The statement continues: "The current LTE-U specification does not require products to include adequate fair sharing etiquette protocols. The extent to which LTE-U shares spectrum with other technologies can vary widely from one vendor to the next, as was discussed at an LTE-U Forum workshop in May. Furthermore, there is already a growing amount of research, such as that published by Google and CableLabs (here and here) indicating that Wi-Fi networks will be negatively impacted by the current version of LTE-U technology. The risk to users who depend on Wi-Fi every day for their connectivity needs is too great."
In Wednesday's press briefing, Qualcomm executives mounted a strong defense of LTE-U, backed up by Verizon executives who flew in for the occasion.
In addition to its technical merits, LTE-U adheres to the spirit of why the FCC set aside unlicensed spectrum, said Dean Brenner, Qualcomm senior vice president of government affairs.
"The watchword for unlicensed spectrum is permission-less innovation," Brenner said. "The whole point is you don't have to go to a government regulator and ask to be able to use it."
He added, "The FCC is doing its job. They're asking questions. They're finding out about the technology. We have no problem with that. What we're doing here is 100% in keeping with the FCC's model."
Qualcomm has a vested interest in ensuring LTE-U and WiFi work together well, Brenner noted. It has its own WiFi business it needs to protect. "Every year there are hundreds of millions of WiFi chips sold around the world with our WiFi solution in them," he said. "The absolute last thing Qualcomm will do is anything that will impair or make an adverse future for WiFi. There is a long, bright future ahead for WiFi."
Users are hungry to exceed the existing limits of WiFi, Brenner said. These users include stadium owners whose customers have difficulty getting sufficient wireless access, and colleges where students are facing online traffic jams on campus.
Qualcomm supports three different flavors of LTE-U: One version targets mobile deployments in the US, Korea, India and other areas. The second option, with Licensed Assistance Access (LAA), targets Europe, Japan and beyond.
Both of those options require "anchoring licensed spectrum" -- meaning they operate initially in licensed spectrum and then move on to unlicensed for an additional bandwidth boost.
A third option developed by Qualcomm, MuLTEfire, requires no licensed spectrum; it's designed for indoor use and deployments by enterprises, cable companies and other service providers without ownership of expensive bandwidth licenses. (See Qualcomm Aims MuLTEfire at Unlicensed Bands.)
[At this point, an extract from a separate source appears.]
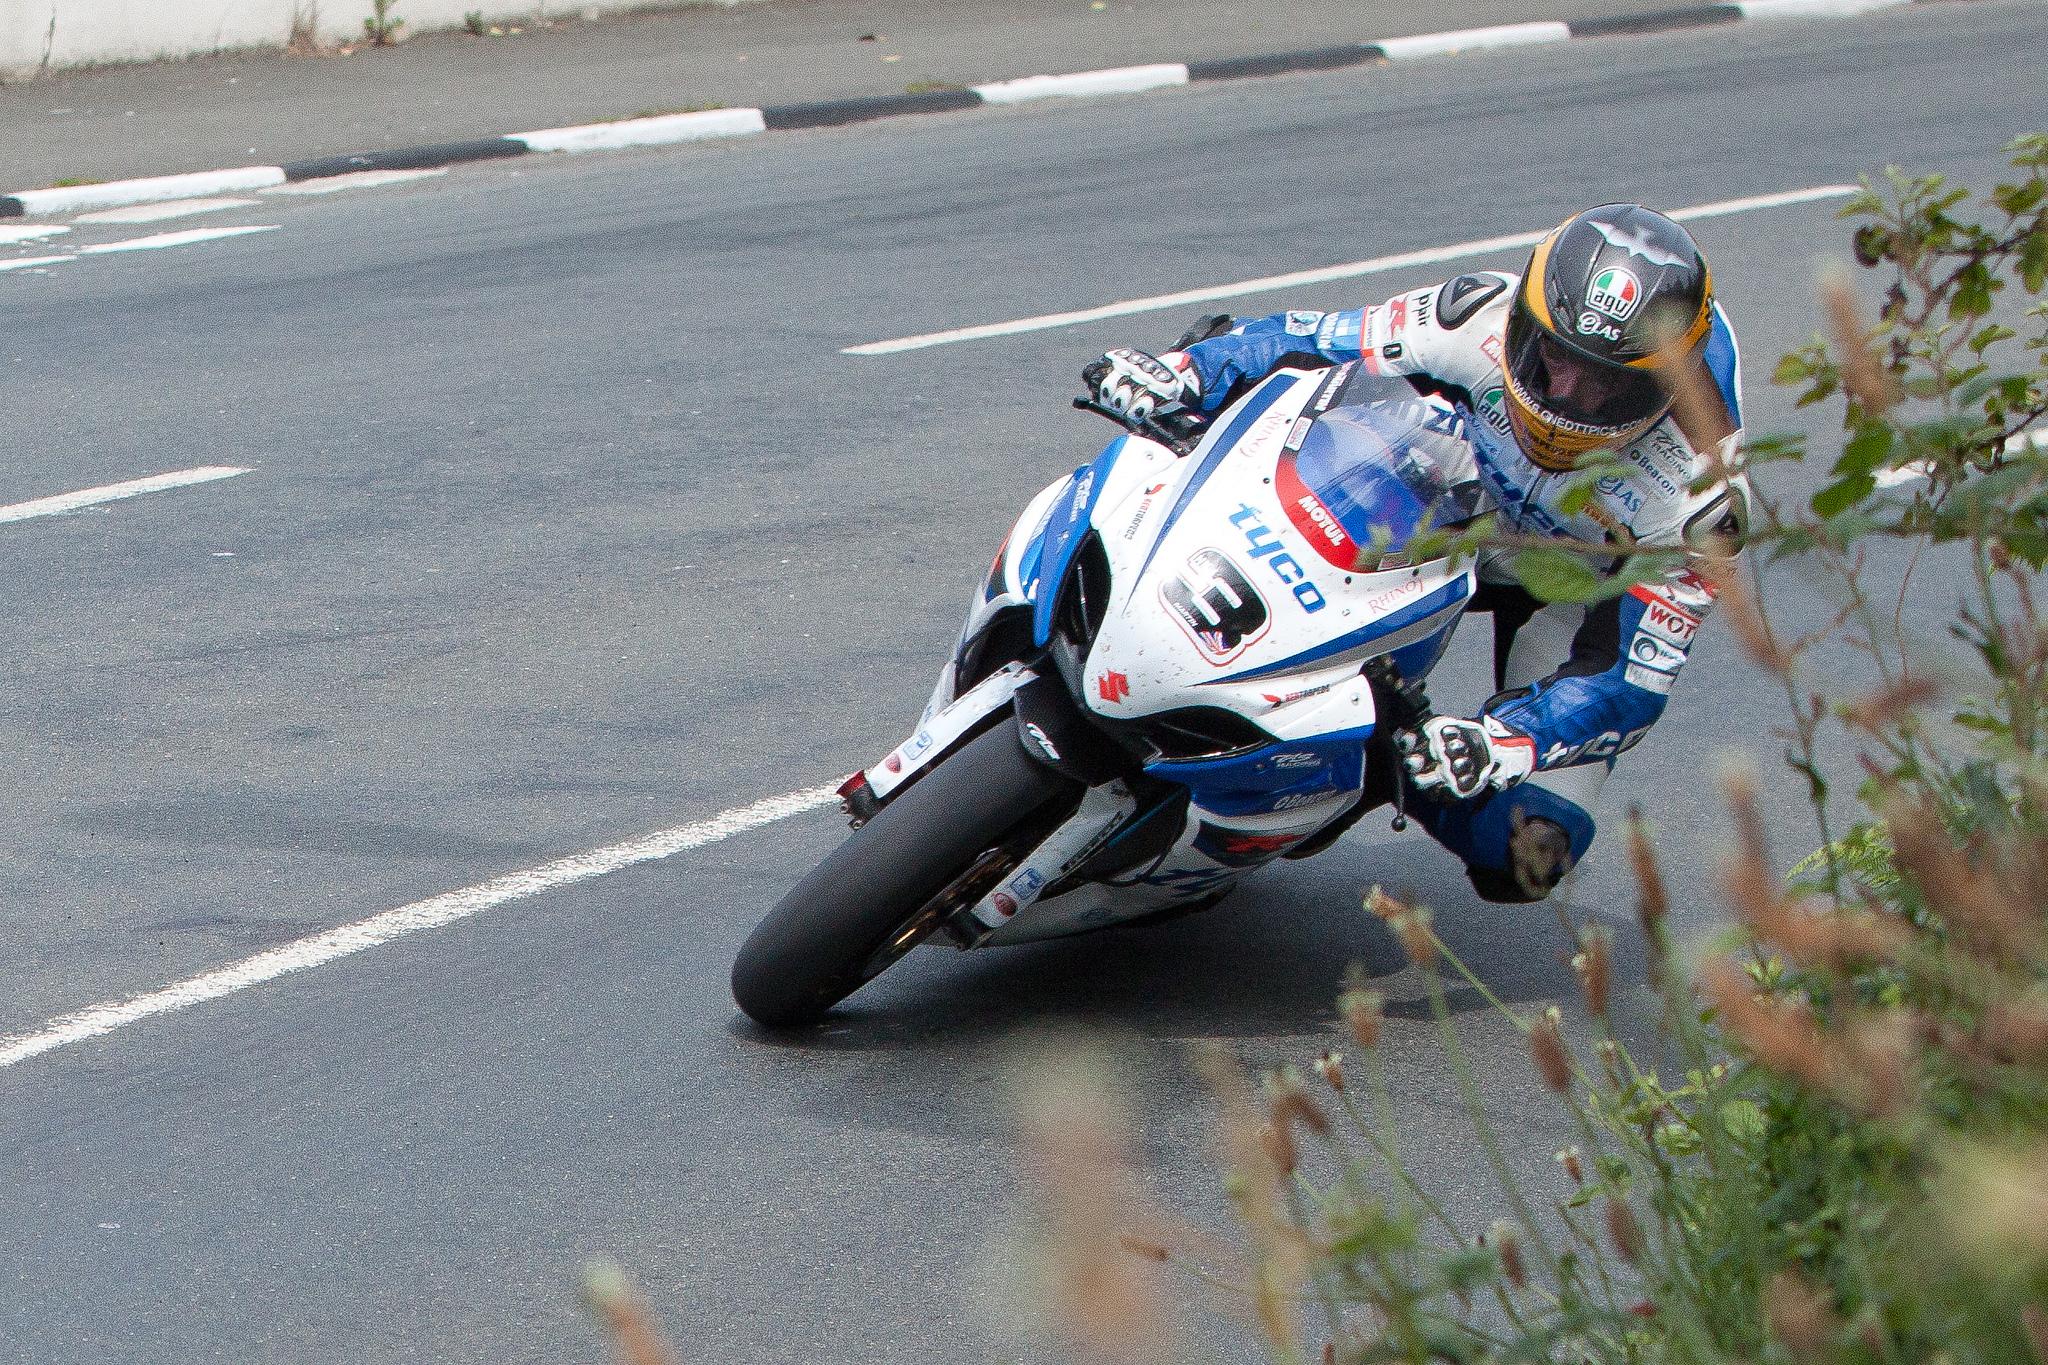 Guy Martin TT 2012 image credit Phil Long on flickr

Qualcomm anticipates LTE-U, LAA, MuLTEfire and WiFi will all coexist, sharing bandwidth for a long time. Together, they'll help service providers achieve 1,000 times the bandwidth available today, to meet the demands of video and other emerging technologies, said Rasmus Hellberg, Qualcomm senior director of technical marketing.
Exceeding regulatory requirements
Qualcomm executives also argued that LTE-U provides double the capacity and range of WiFi, and common management with conventional LTE.
Engineers have worked to exceed regulatory requirements for LTE-U. "From our perspective as design engineers, the regulation is the absolute minimum. No regulation is sufficient to ensure WiFi and LTE-U coexist well together," Mingxi Fan, Qualcomm VP of engineering and corporate R&D, said.